* **WORK REQUIRED**
Beneath this line are entries. Copy the range from the line with "原创美味美食餐厅餐馆促销菜单日本寿司" to the line with "ARMANI EXCHANGE Koktejlové šaty černá / bílá", ends included, exactly; leave pictures out.

* **SOURCE DATA**
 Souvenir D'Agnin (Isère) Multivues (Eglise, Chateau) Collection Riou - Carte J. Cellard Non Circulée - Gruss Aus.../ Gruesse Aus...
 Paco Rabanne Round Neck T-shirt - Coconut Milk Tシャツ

* * *

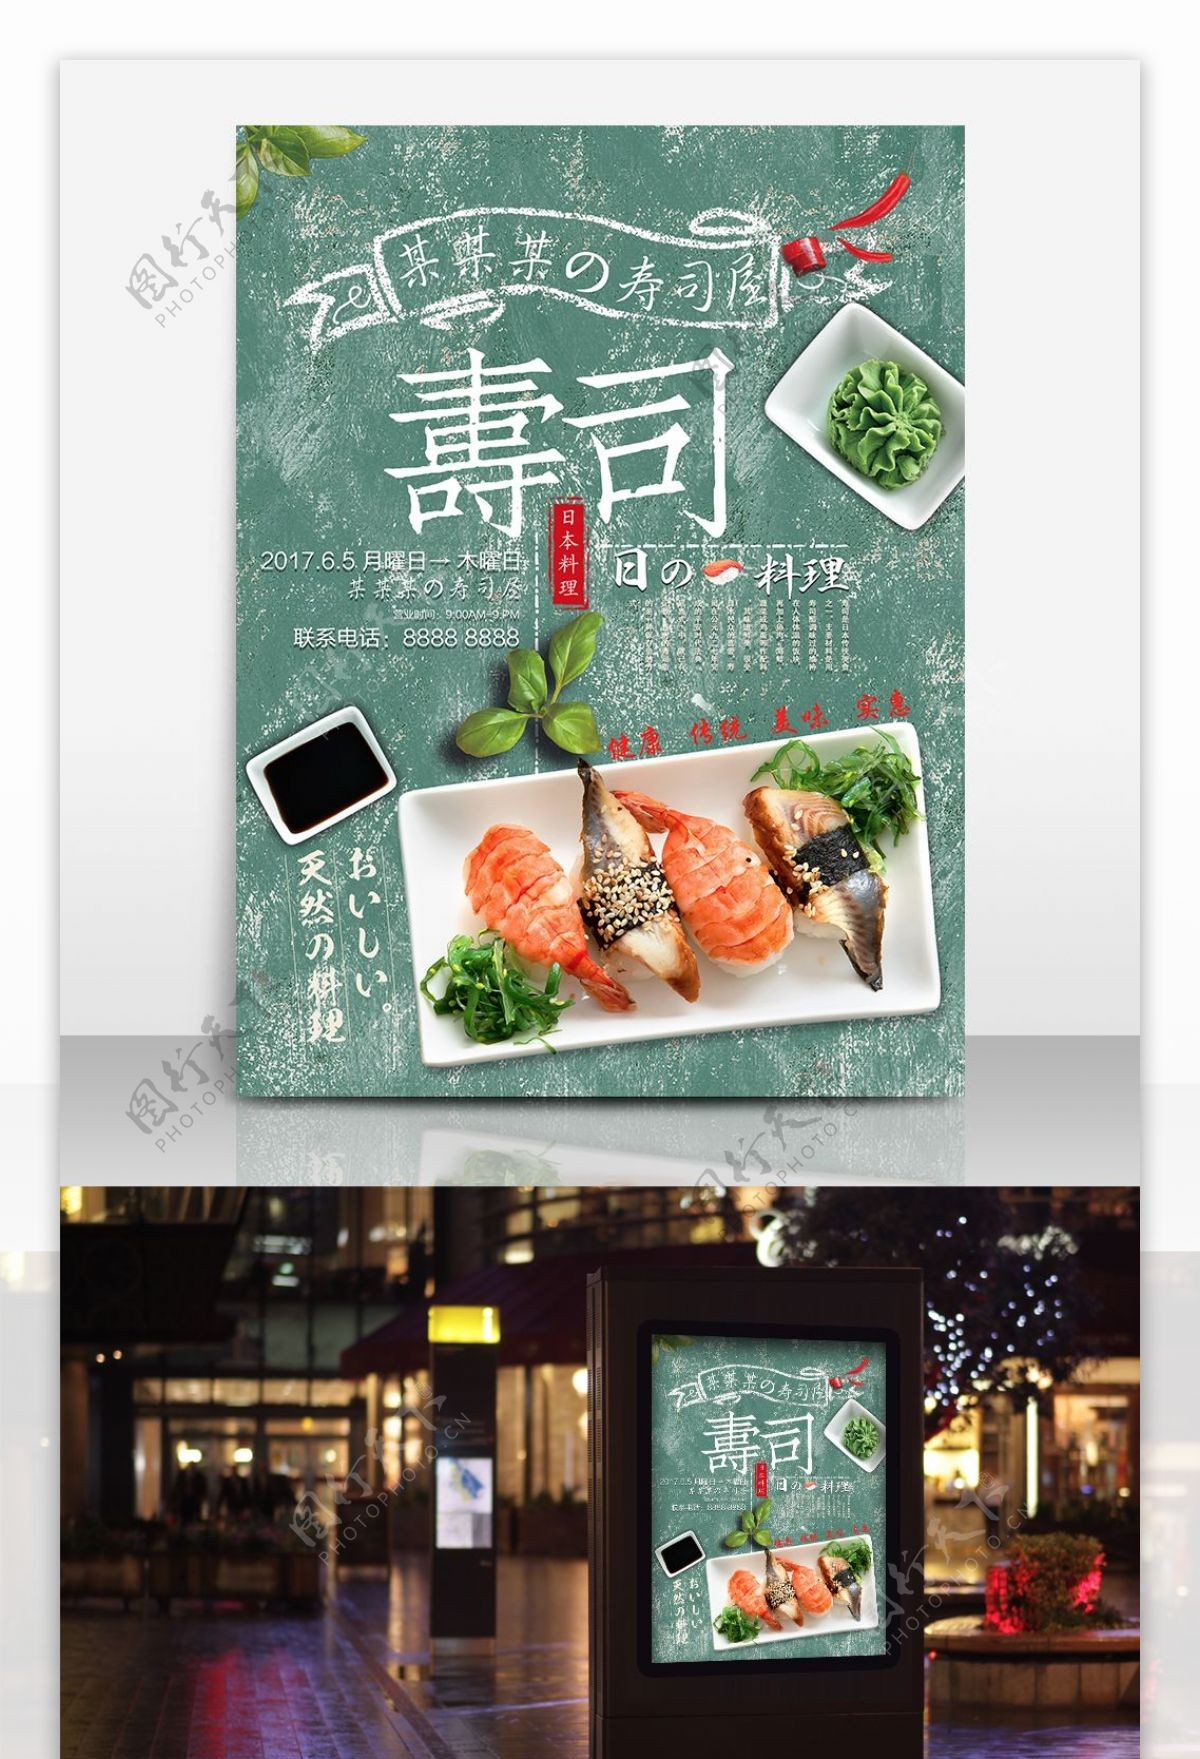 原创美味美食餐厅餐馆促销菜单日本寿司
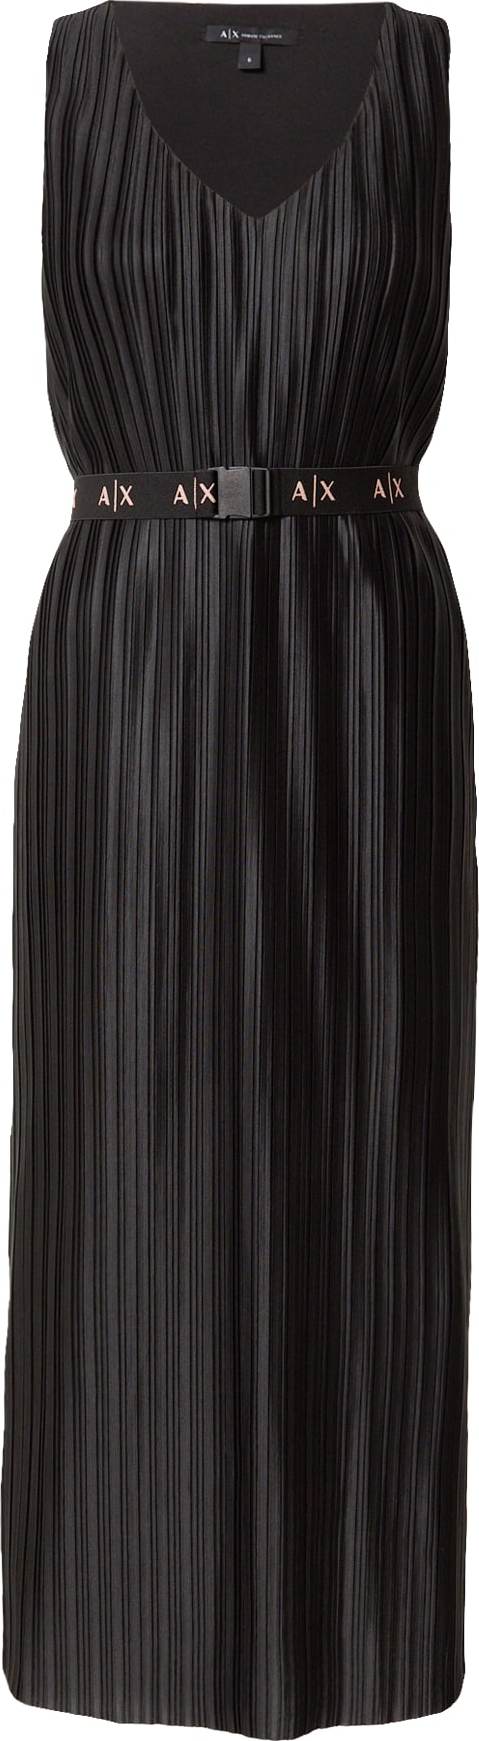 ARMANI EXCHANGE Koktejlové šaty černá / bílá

* **ANSWER SECTION**
 原创美味美食餐厅餐馆促销菜单日本寿司
 ARMANI EXCHANGE Koktejlové šaty černá / bílá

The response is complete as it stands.